For the arms, as I mentioned before, one could simply use PVC angles and pipes and create a sturdy structure. And this is a good way to go. You could then add mass to them to cover the joints with newspaper and corpsing, but I wanted to go another way. If one would refer back to the original image of the Pumpkinrot Sentinels, you would be able to see that they have a distinctive organic nature to them. They look as if they were made from evil and pumpkin vines.

So what better source to draw from than nature herself? 

After selectively pruning some of my trees of dead branches, I reviewed my options, made some decisions about arm position, and set to lashing them to the torso with my good old friend duct tape.









I let the branches extend past the joint at the shoulder to create sort of a spike. It is unnatural looking and disjointed which adds to the total air of creepiness. Plus, you can see Pumpkinrot has done the same thing.

















As you are attaching your arms, and deciding on what position to make them, think about what your sentinel should be doing. In my mind, this sentinel is just starting to reach out for you. In that light, I tried to have his left arm more casually at his side, while his right arm is bent up, ready to extend. Lash the sticks together in this way.



















*Step Nine: Adding the Hand(s)*

I decided to only have my sentinel in possession of the one hand. I kind of like the idea of have one arm look like it was broken off. Take a number of smaller sticks and lash them together to make a finger like arrangement. The longer the better in my opinion. And don't be afraid to break away from anatomical norms. This is an evil pumpkin demon and as such, should not conform to the human standards.



























*Step Ten: Corpsing...again*

Go over the taped lashes with the same corpsing technique as before. This time around, I used a brush on the strips and used less adhesive overall...hopefully this will help the dry time. 

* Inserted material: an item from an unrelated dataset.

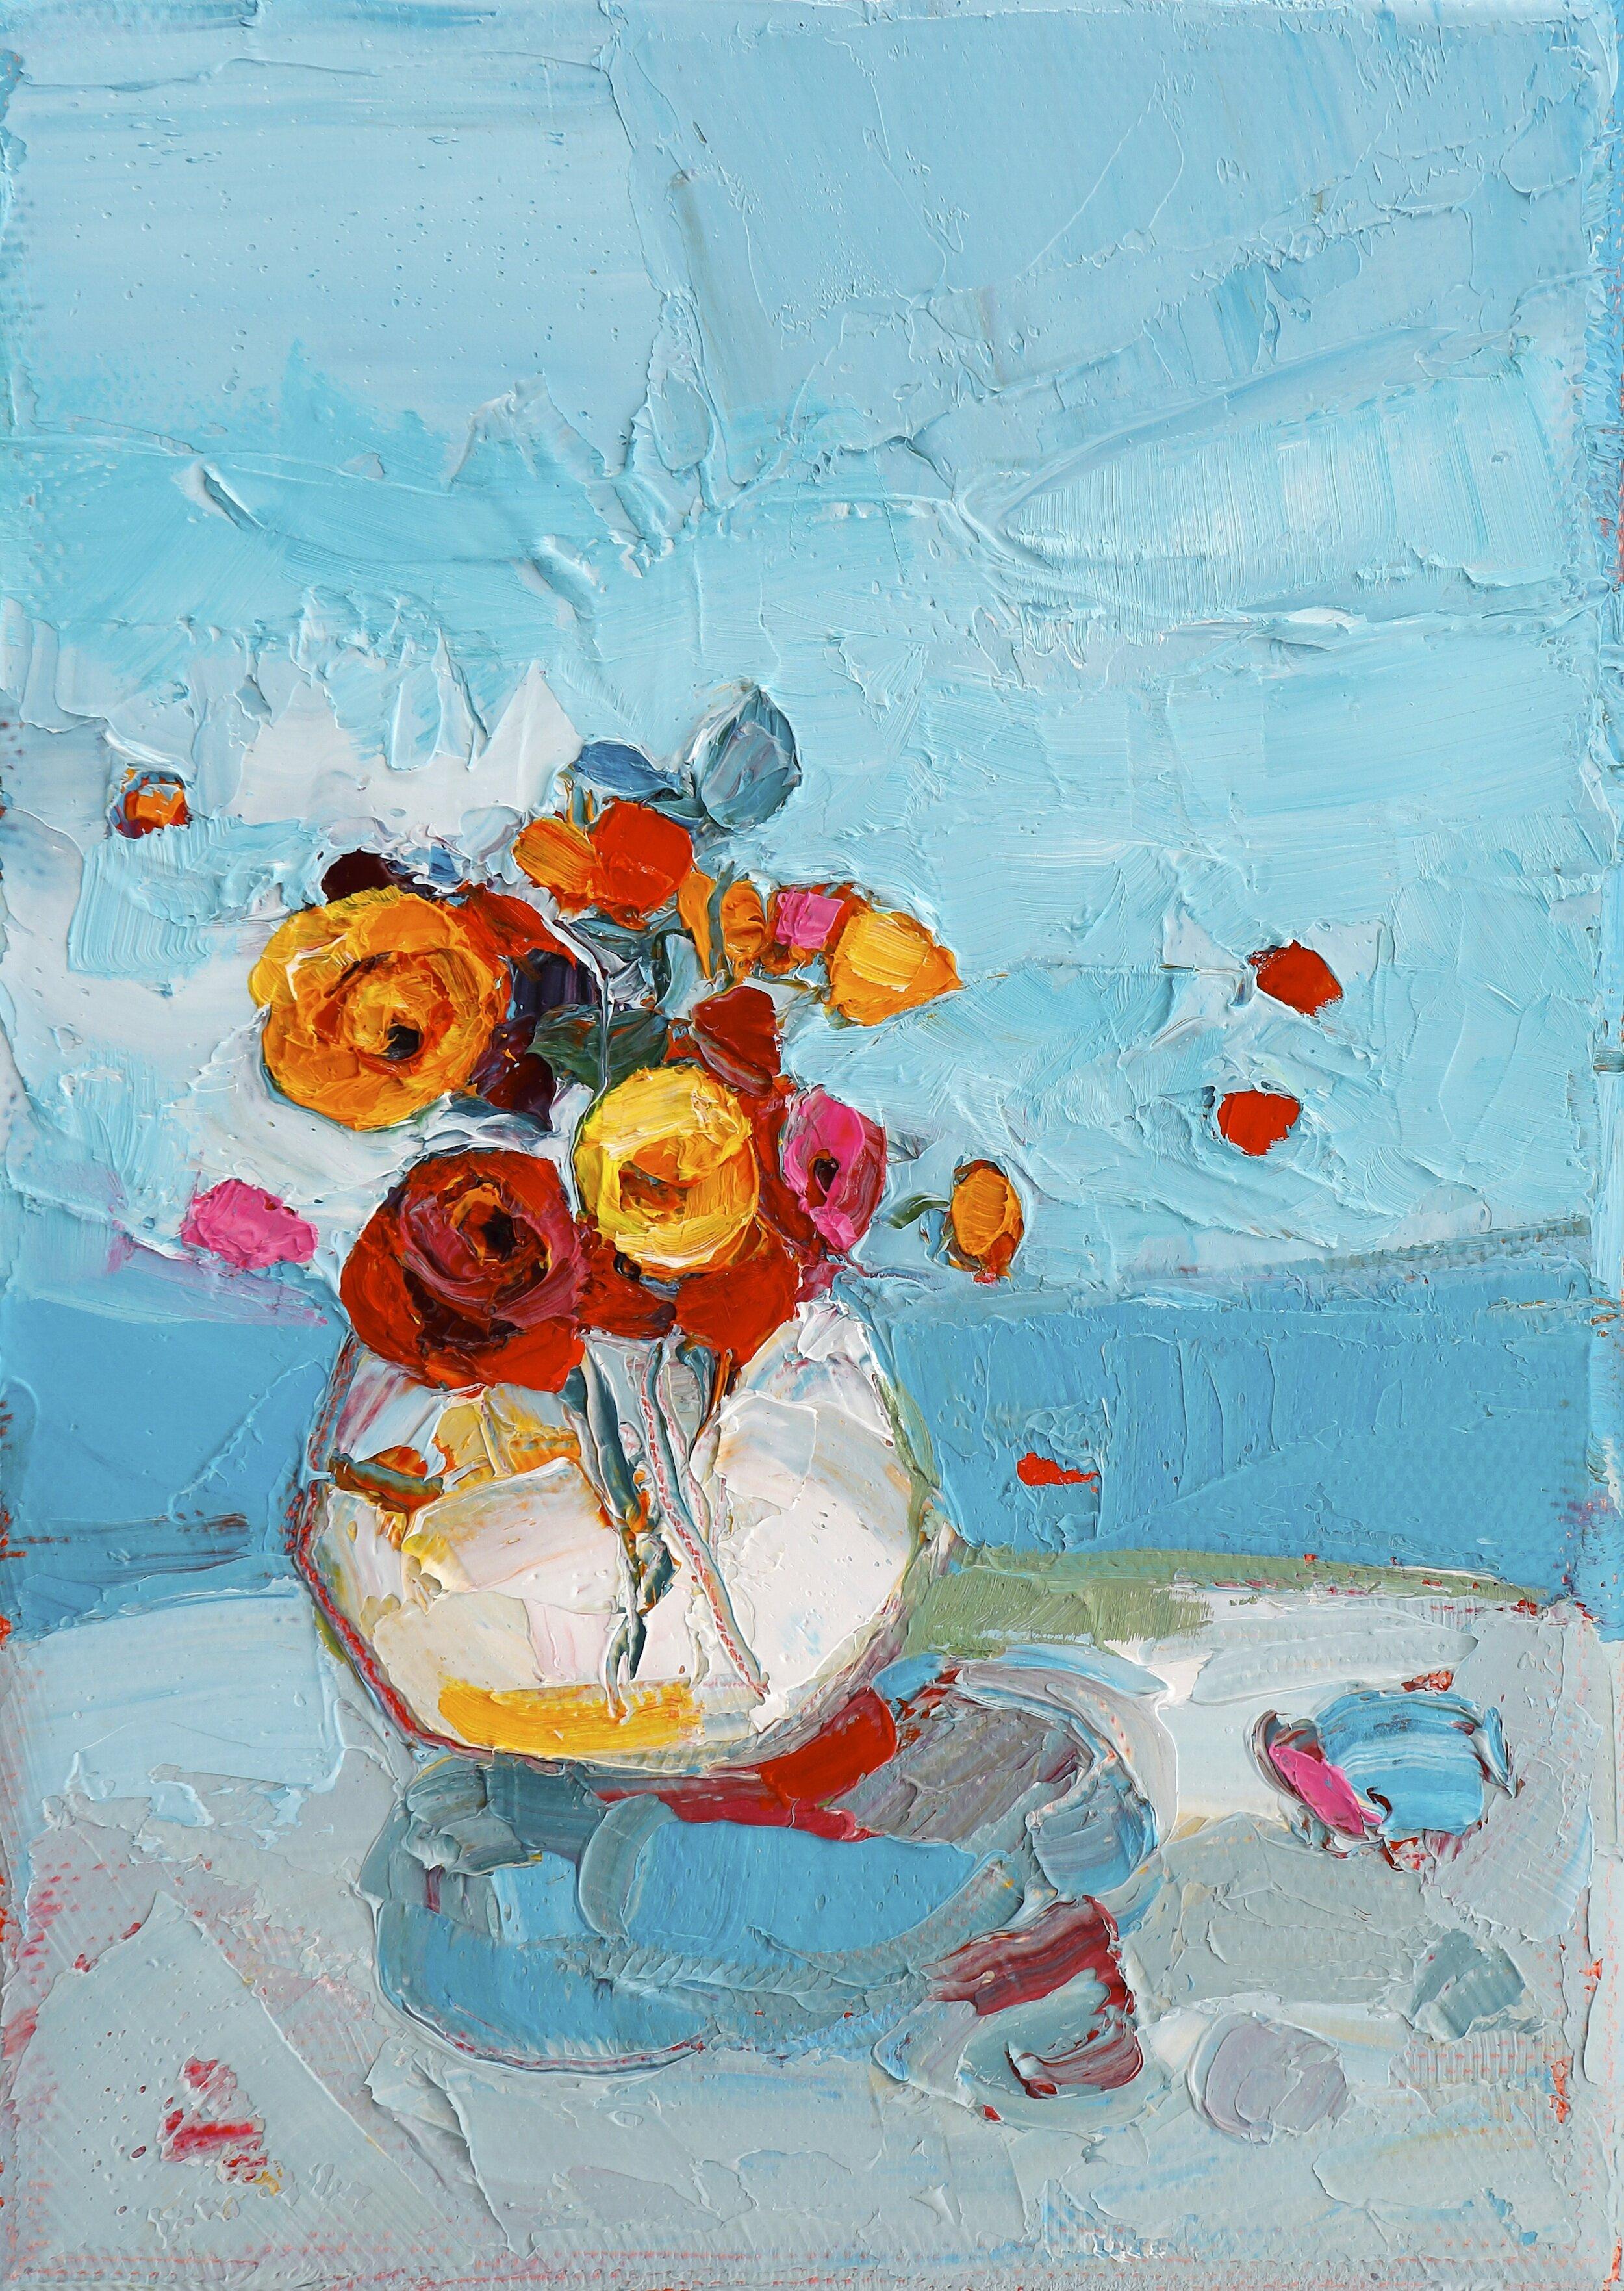 Title: Mini Celebration  Size: 7x5in  Medium: Oil on Canvas  Price: £650

--------------------------------------------------------------------------

OK that's all for now...when we return, hopefully we will be wrapping up the painting of the sentinel and then we can begin discussing options in lighting.

Happy Haunting


----------



## RiverBoarder (Oct 9, 2007)

The organic look is great....
Mind sharing product info on indoor/outdoor glue and approximate drying time on the torso.
I am assuming you will use a craft pumpkin for the head, if so what size? Did a quick query on craft pumpkins and didn't see anything larger then a 14".

peace,


----------



## Ellie13 (Sep 1, 2012)

Thank you so much for doing this tutorial. I have been wanting to do one or more as well and will now maybe next year attempt it due to you posting this. 
Sincerely,
Ellie


----------



## NotTheBatesMotel (Sep 28, 2013)

Thanks for the tutorial. Looking great so far!


----------



## SavageEye (Aug 30, 2010)

looks great, love your technique so far.


----------



## fortinbras79 (Oct 24, 2011)

The pumpkin I am using is the Funkin Mac 

If you wanted to go bigger, you should look into making your own. There are numerous tutorials out there on this process so I won't get too into it, but I would stuff a trash bag full of newspaper, squish it down, run masking tape from top to bottom to create the ribs, then paper mache...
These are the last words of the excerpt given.